Scan the records below for the line with "Old Navy Black" and the line with "Hastings UK 5th", and retype that range exactly, both ends included, pictures excepted.
+++ Source data +++
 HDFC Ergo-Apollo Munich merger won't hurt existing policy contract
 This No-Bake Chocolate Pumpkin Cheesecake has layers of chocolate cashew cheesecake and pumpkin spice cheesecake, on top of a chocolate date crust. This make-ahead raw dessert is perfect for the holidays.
+++
+++ Source data +++
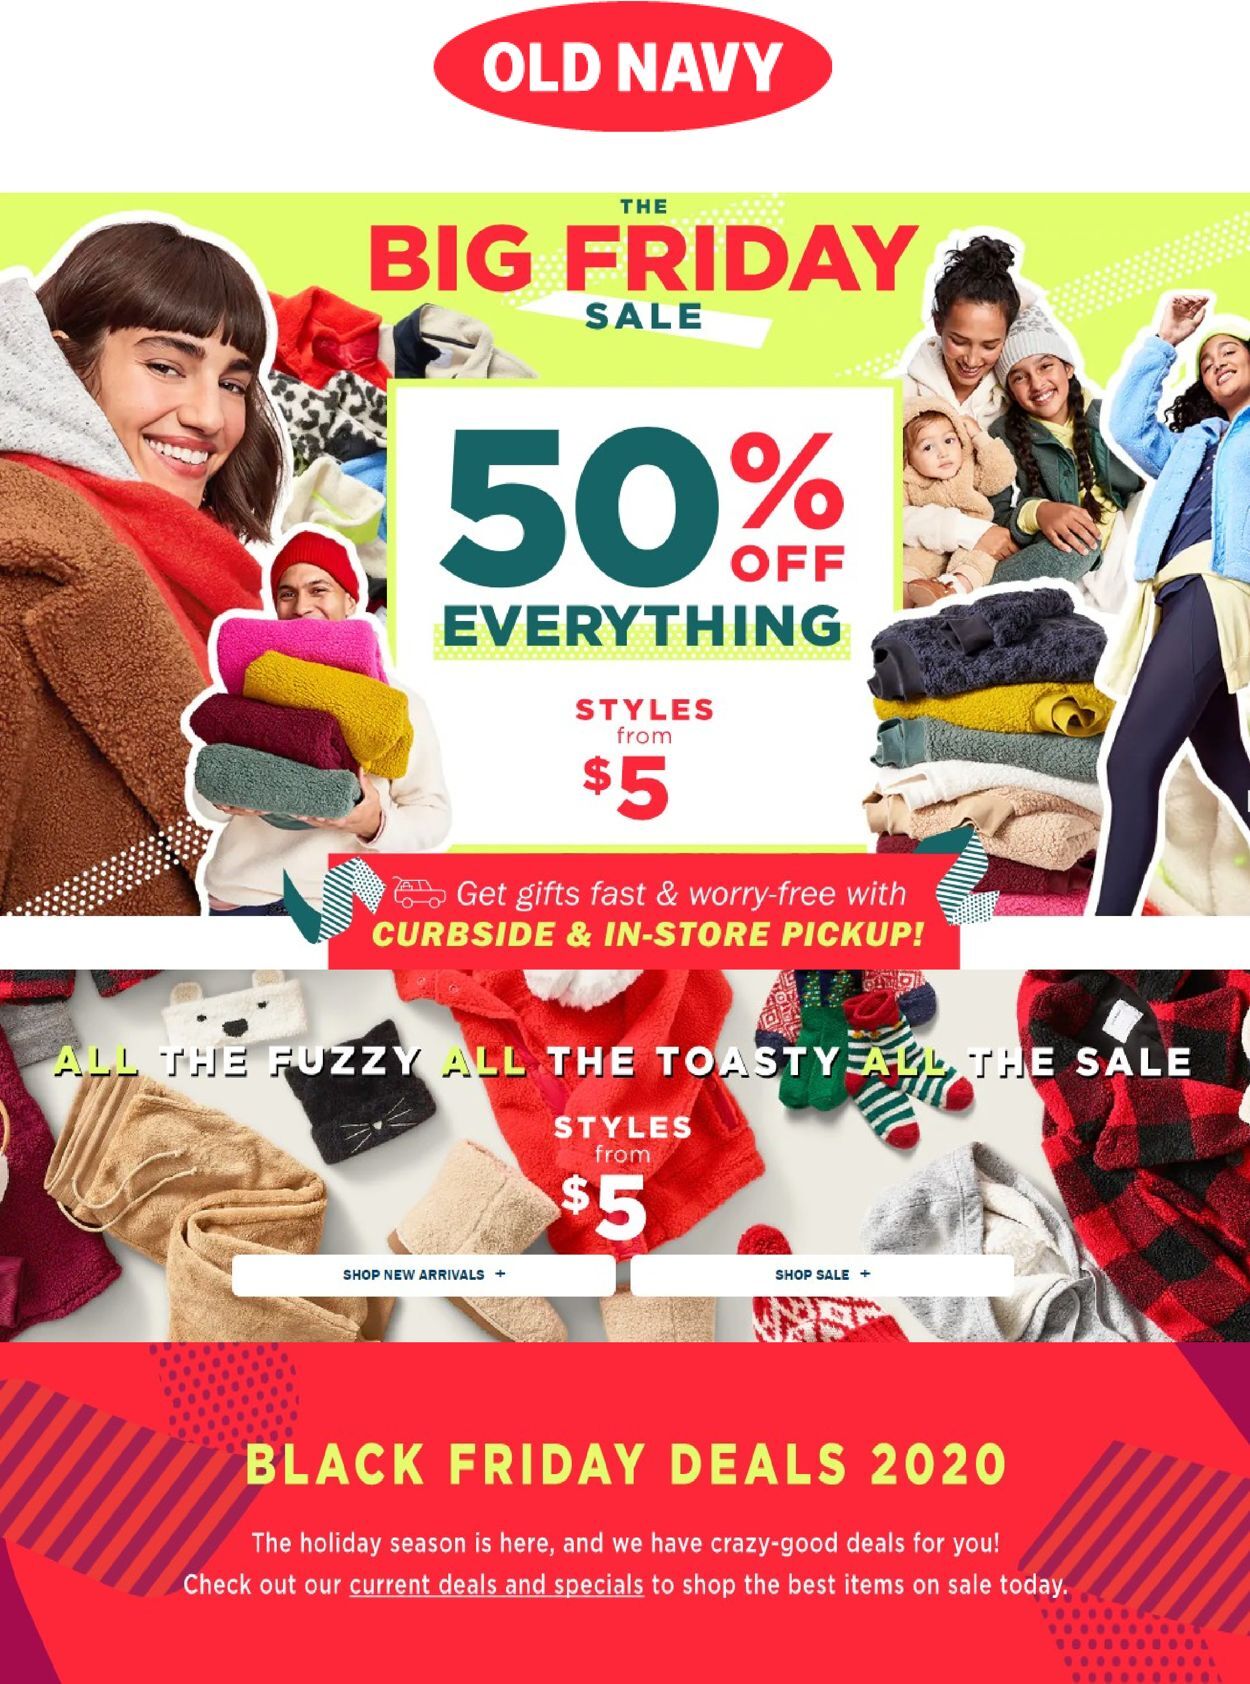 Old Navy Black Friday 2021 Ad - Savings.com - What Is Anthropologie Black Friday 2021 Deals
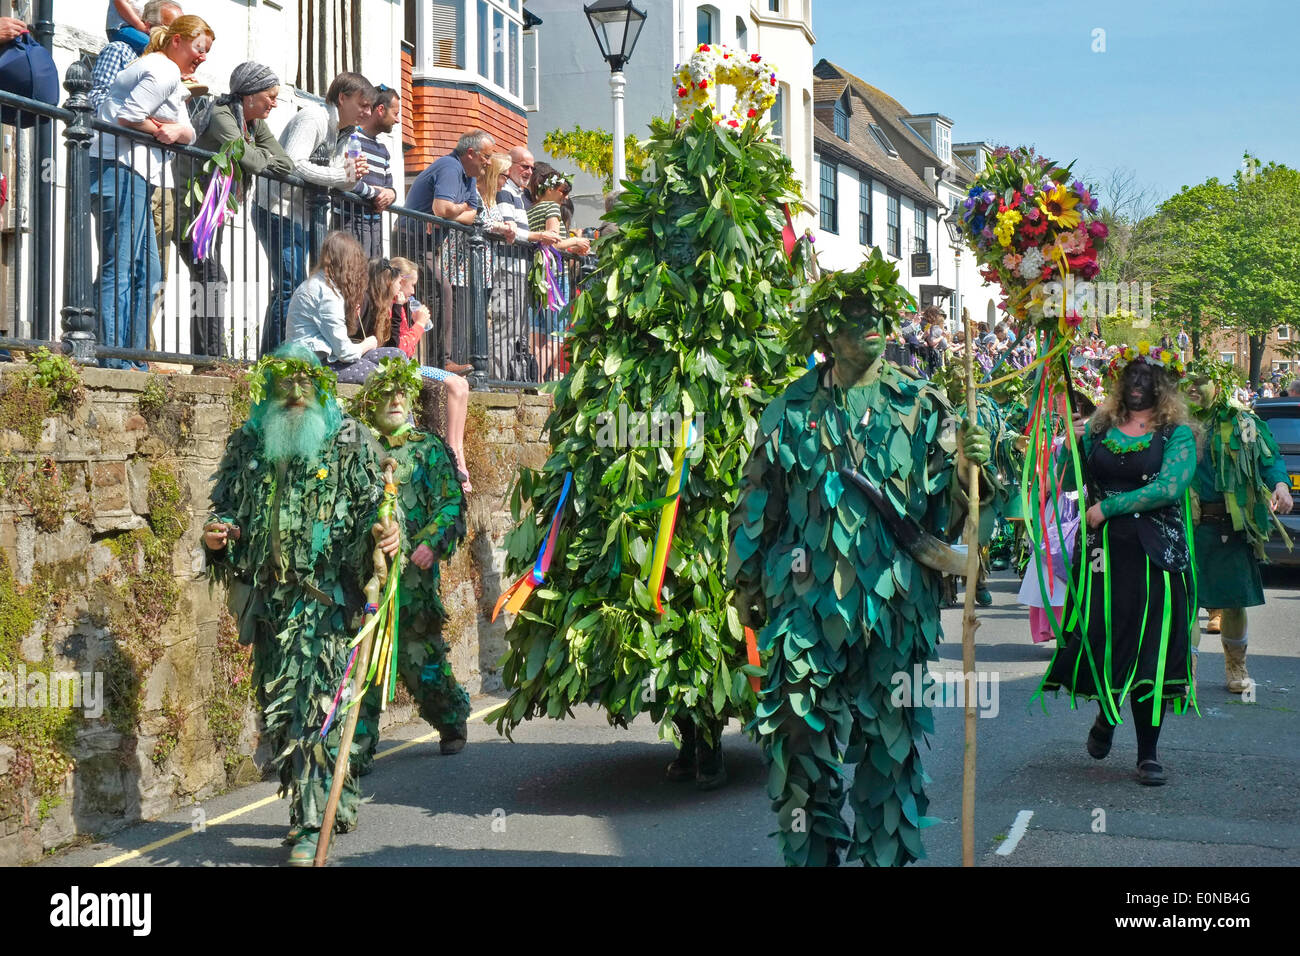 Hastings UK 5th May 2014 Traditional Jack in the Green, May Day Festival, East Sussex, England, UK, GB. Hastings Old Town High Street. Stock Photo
+++
Answer box:
 Old Navy Black Friday 2021 Ad - Savings.com - What Is Anthropologie Black Friday 2021 Deals
 Hastings UK 5th May 2014 Traditional Jack in the Green, May Day Festival, East Sussex, England, UK, GB. Hastings Old Town High Street. Stock Photo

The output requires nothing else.